_Task requirements_
Output word for word the lines from the one with "Rosenberg: Putin's military" to the final line of the data, both ends included, but skip the pictures.

== Available data

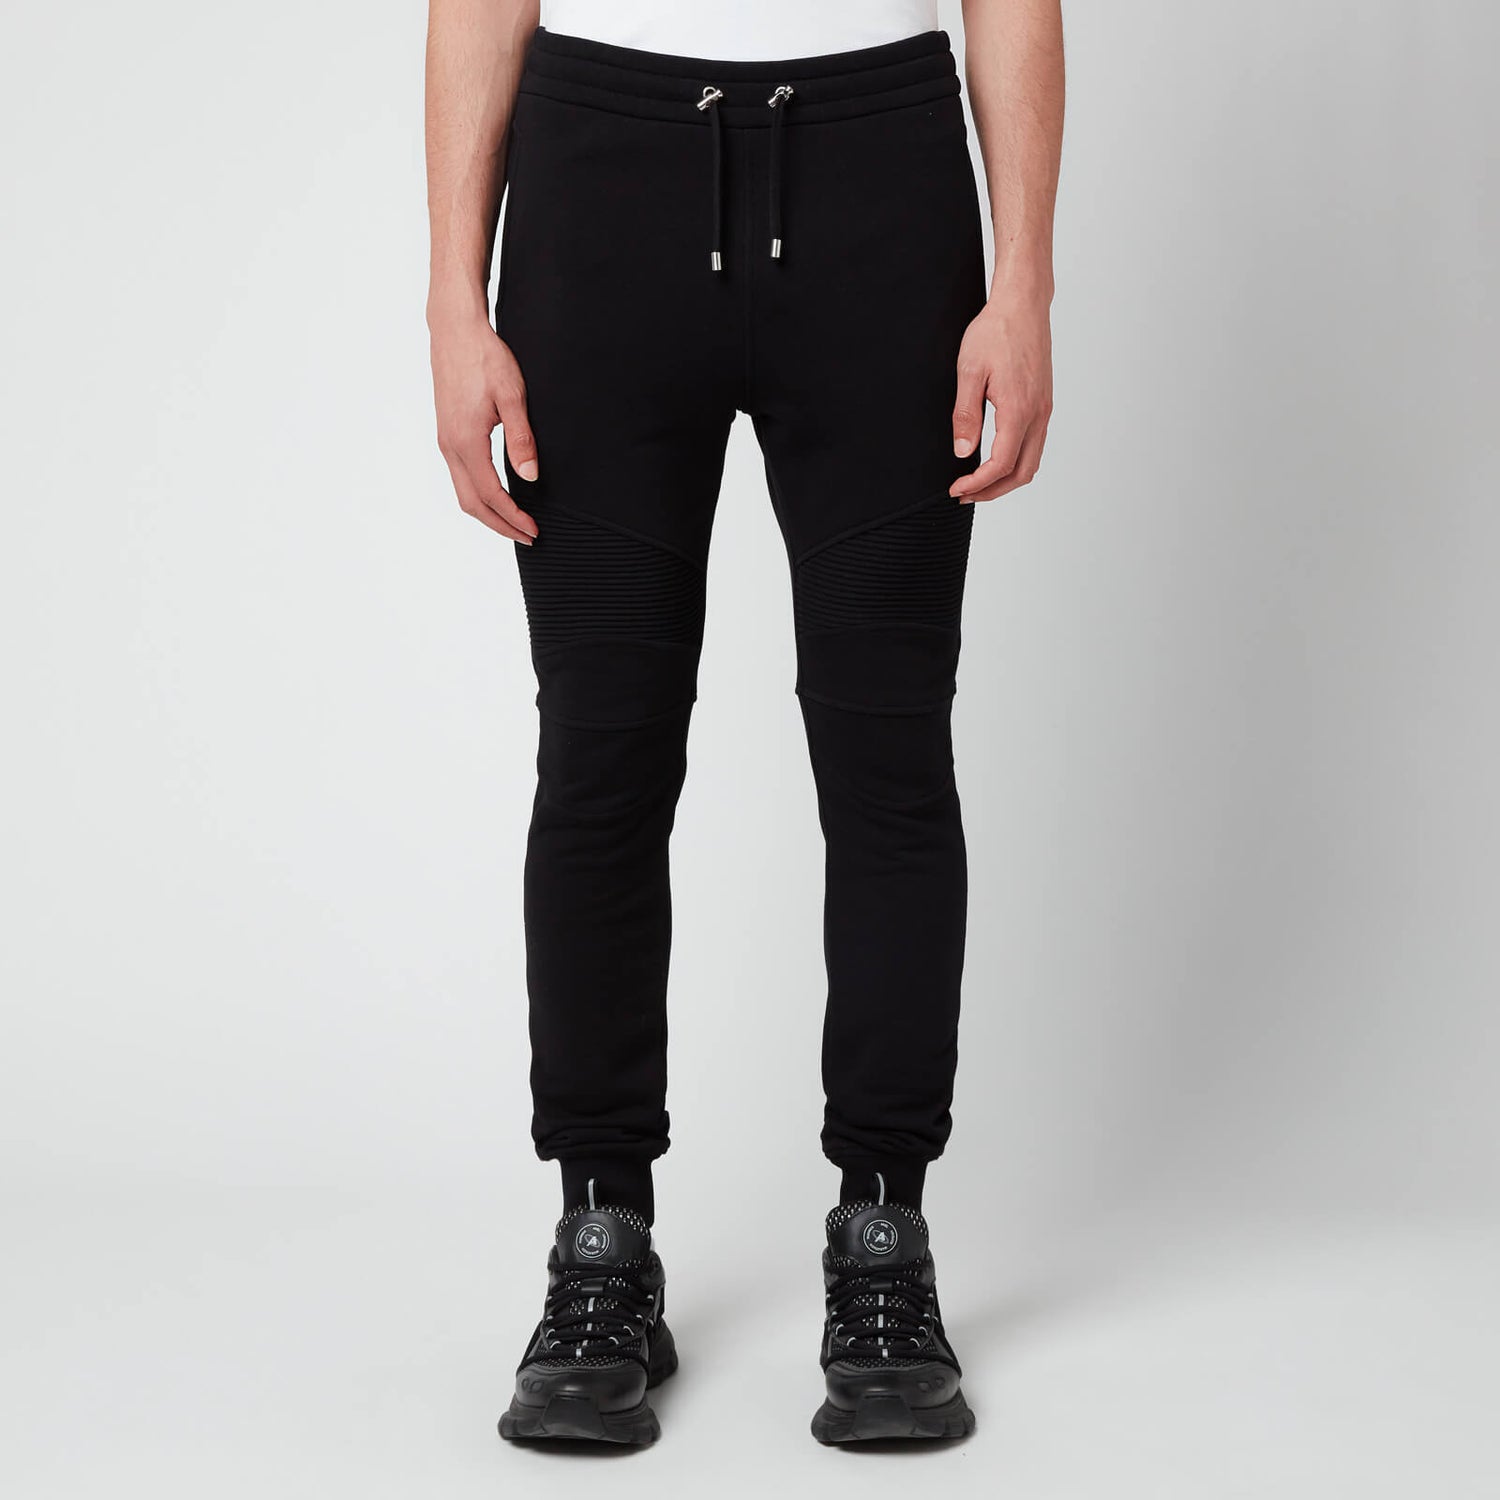 Balmain Men's Printed Ribbed Sweatpants - Black/White
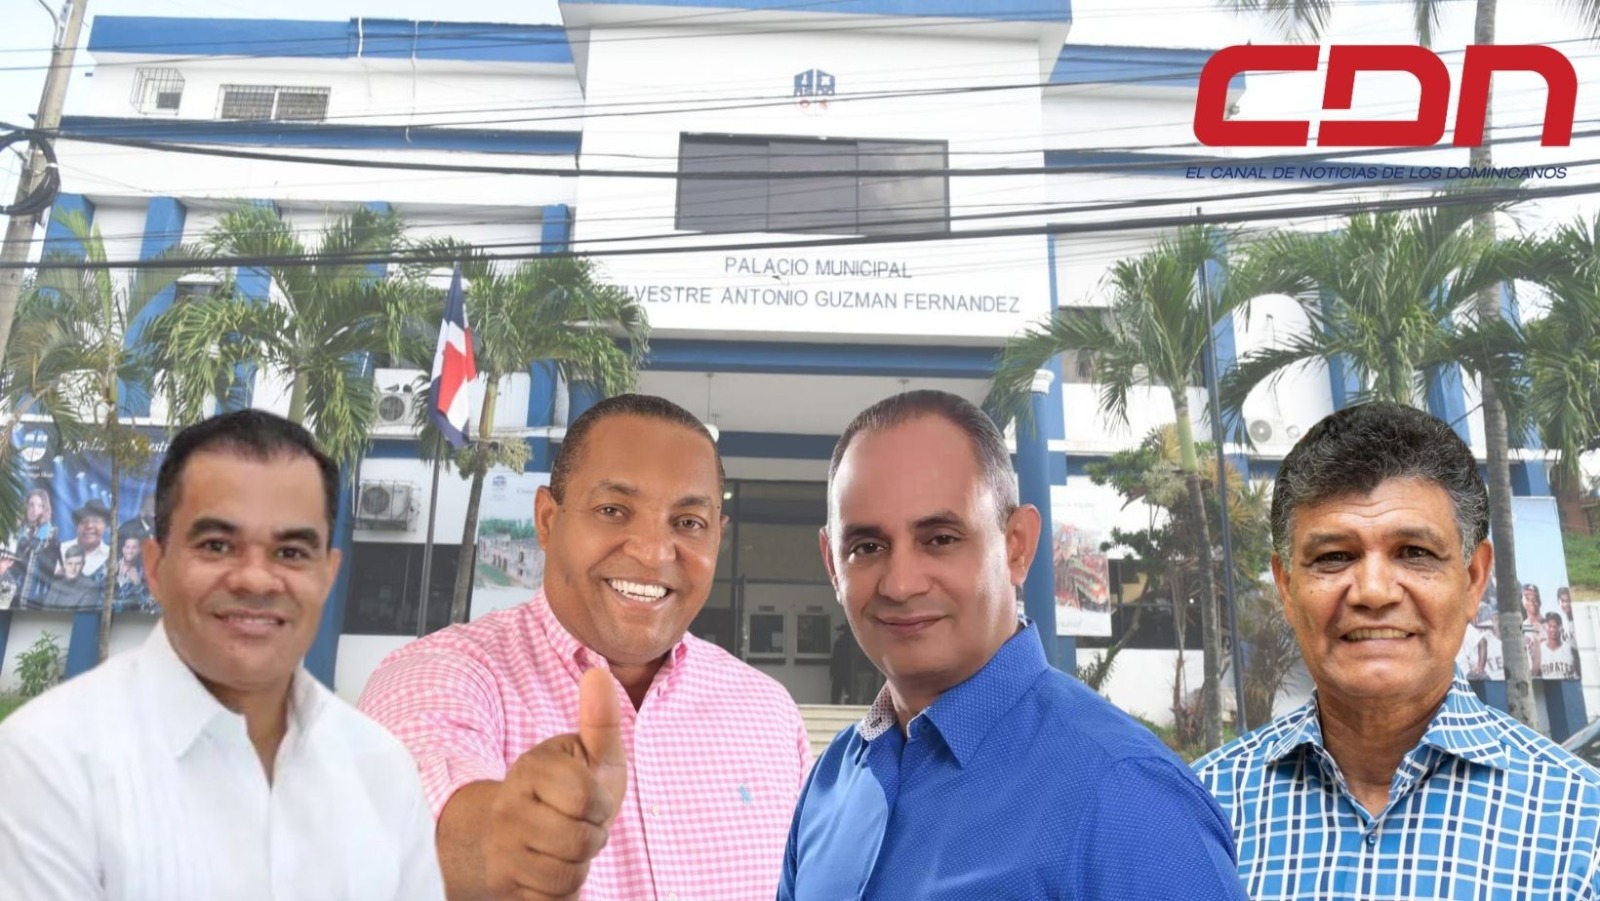 Cuatro perremeistas luchan por candidatura a alcalde de Santo Domingo Oeste
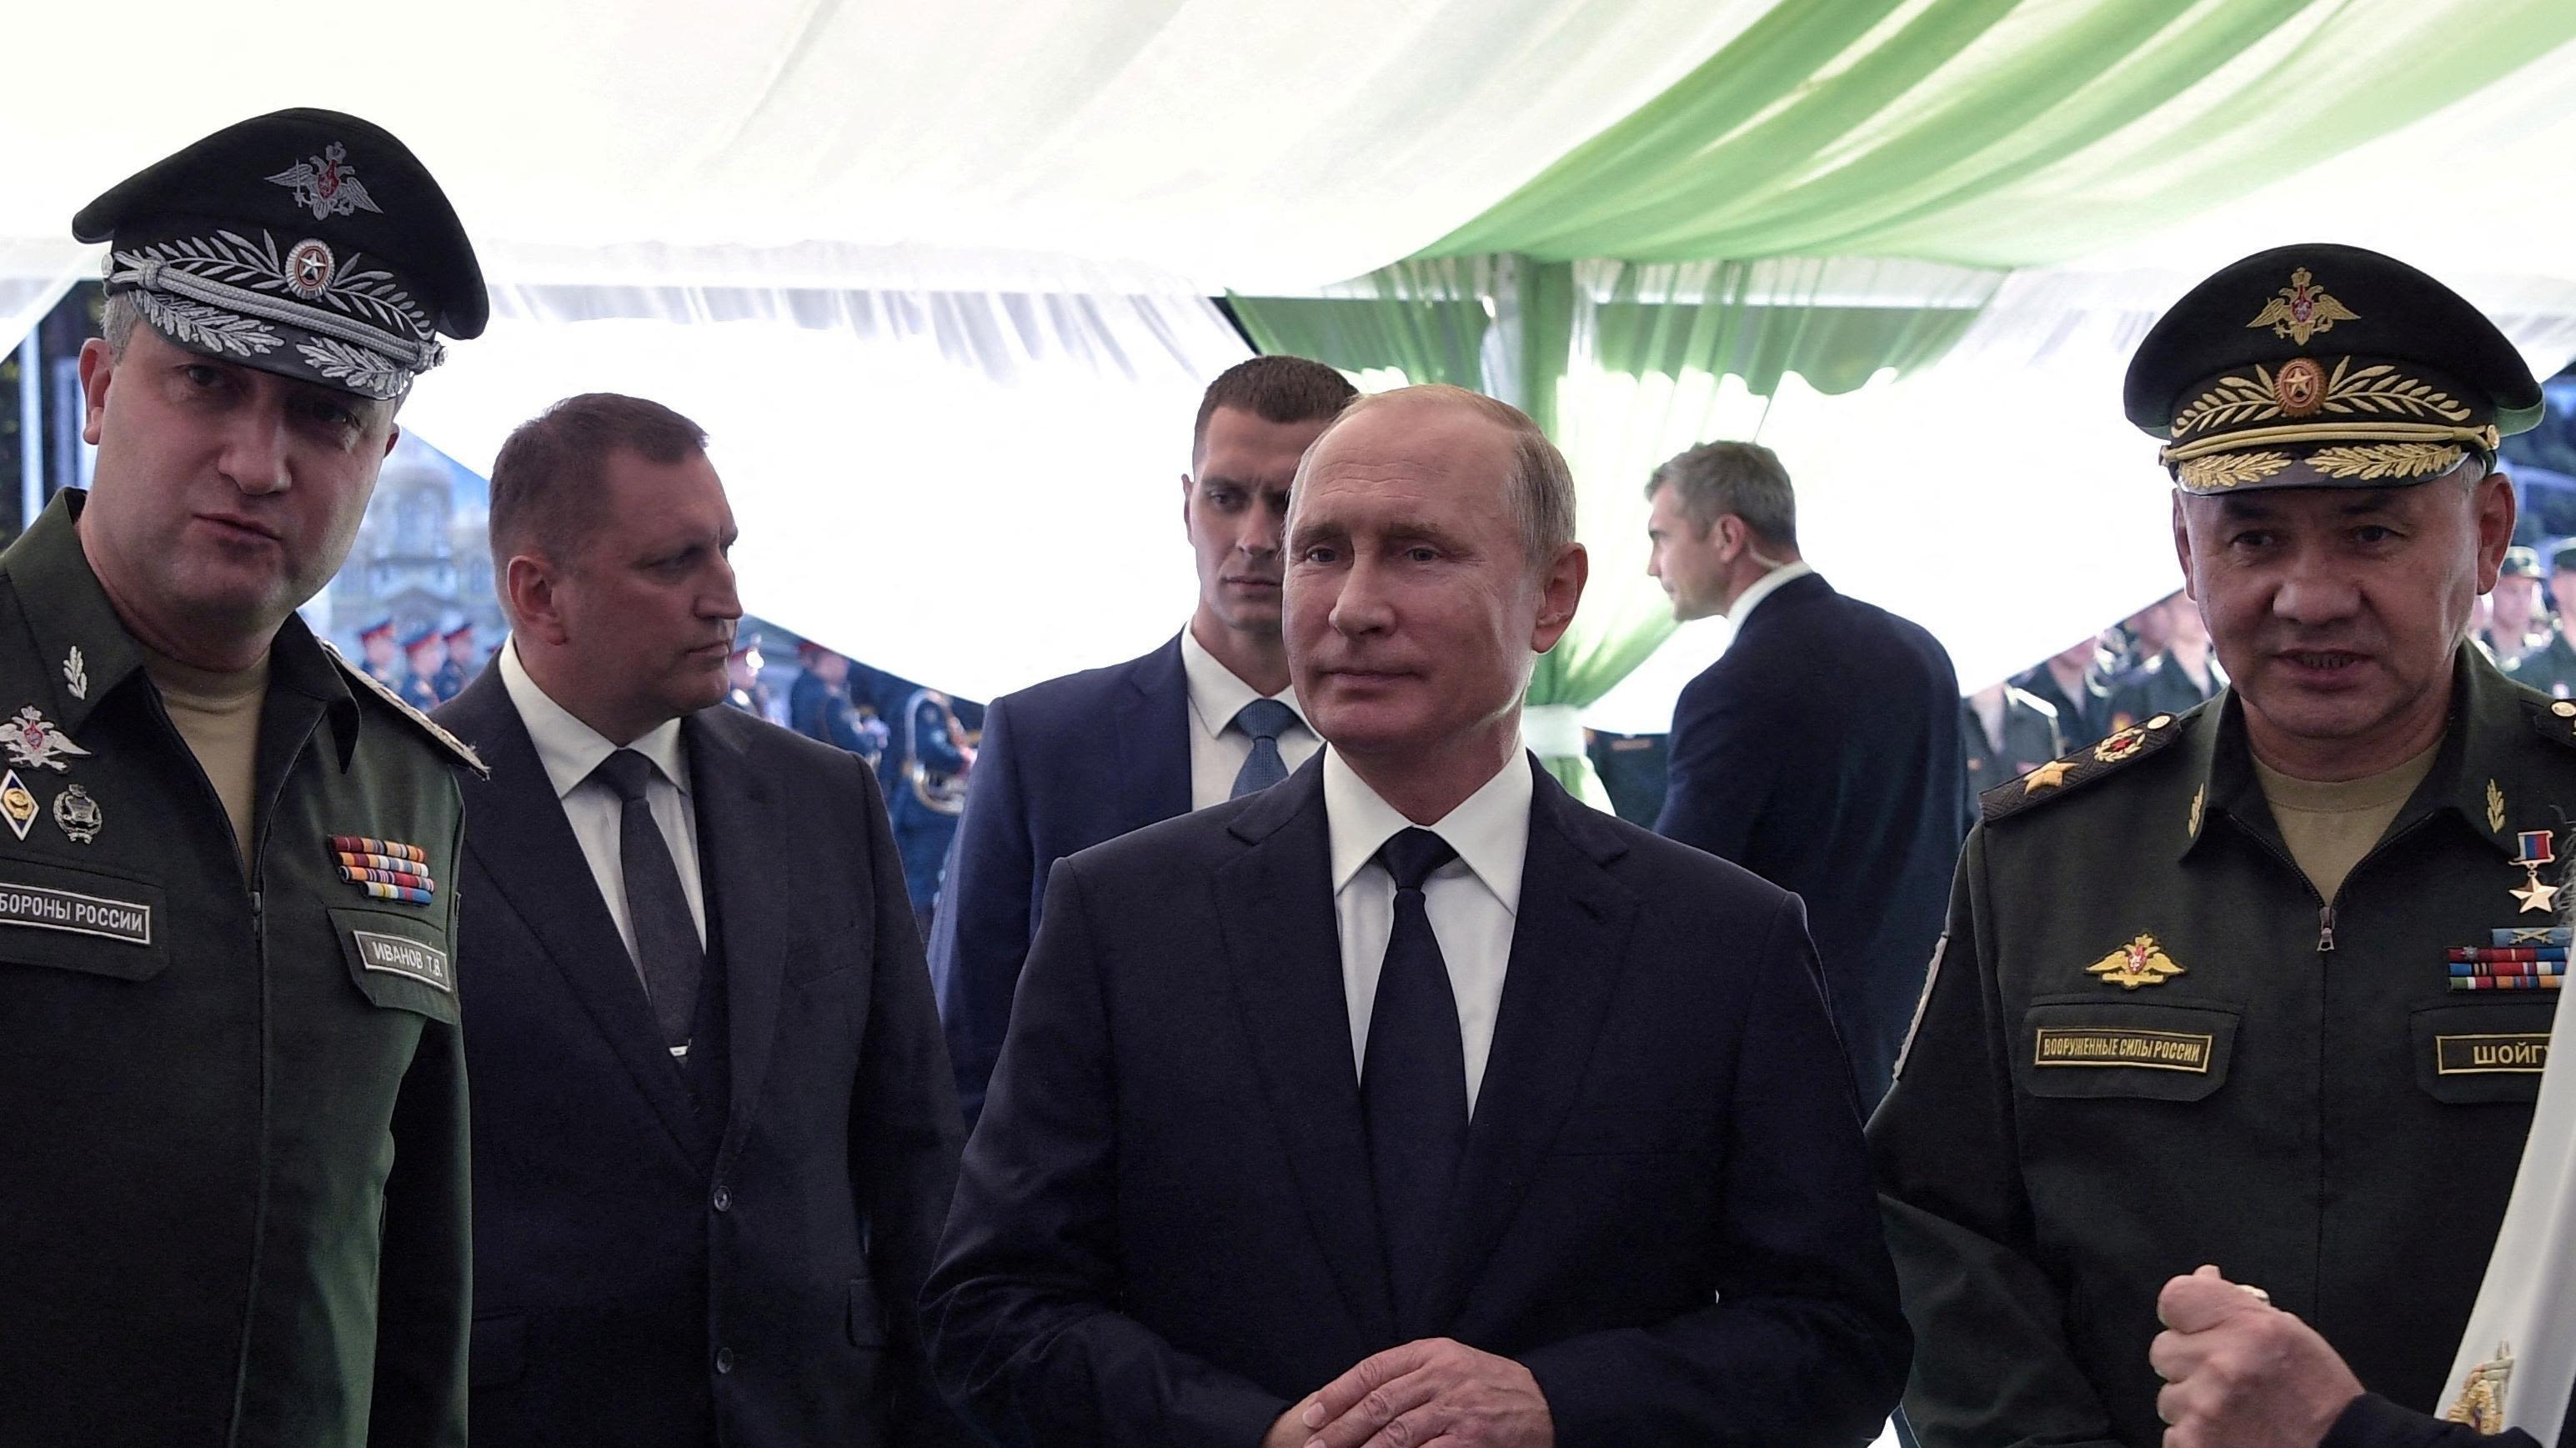 Rosenberg: Putin's military purge echoes Prigozhin's call to act
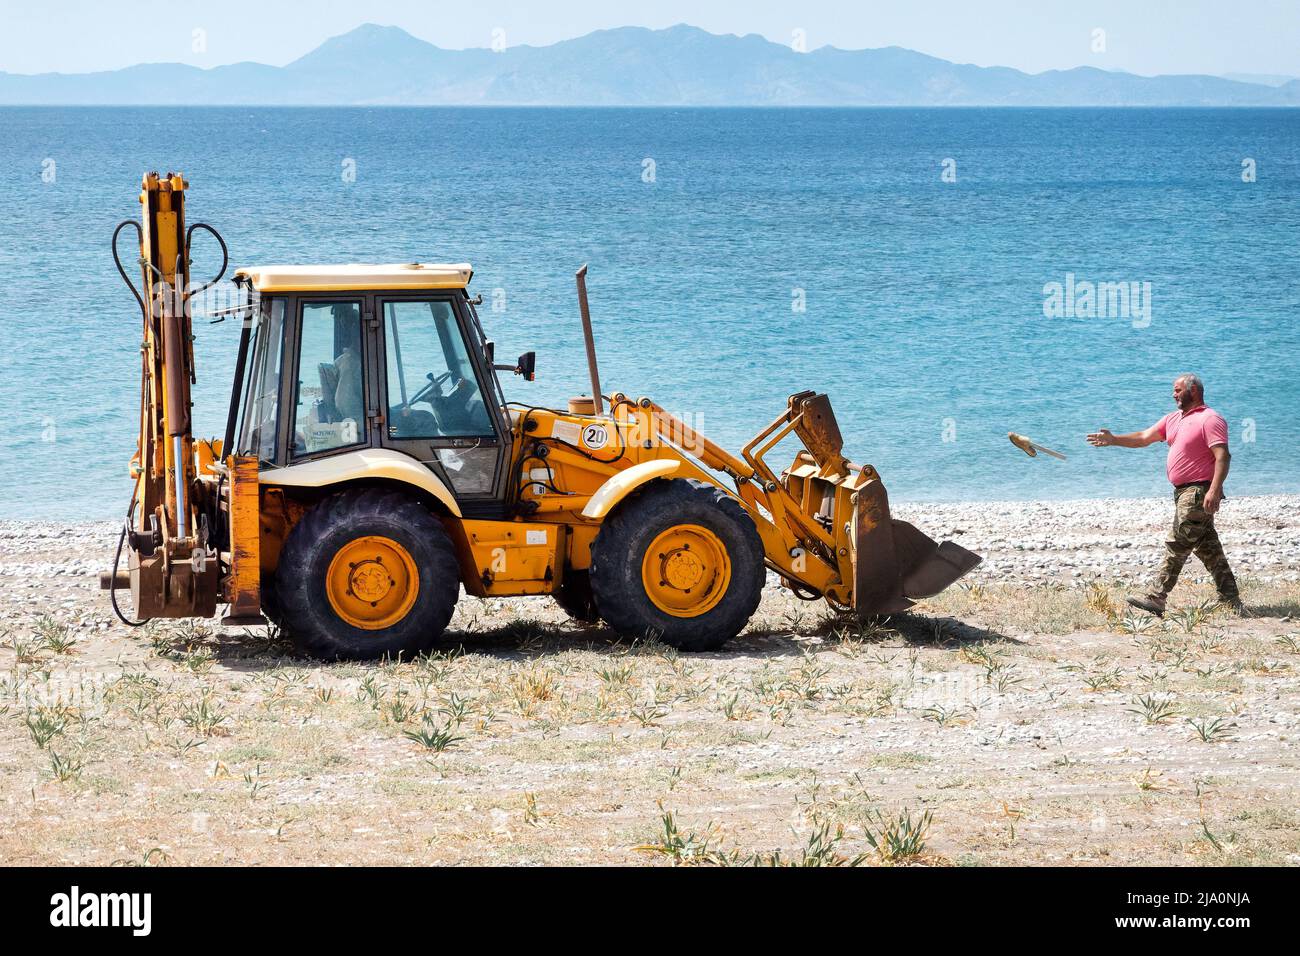 Un uomo di lavoro getta la lettiera in un salto di scavatori JCB mentre si ripuliscono e ripuliscono rifiuti scartati su una spiaggia vicino a Rodi, Grecia. Foto Stock

====

_Task solution_
 Rosenberg: Putin's military purge echoes Prigozhin's call to act
 Un uomo di lavoro getta la lettiera in un salto di scavatori JCB mentre si ripuliscono e ripuliscono rifiuti scartati su una spiaggia vicino a Rodi, Grecia. Foto Stock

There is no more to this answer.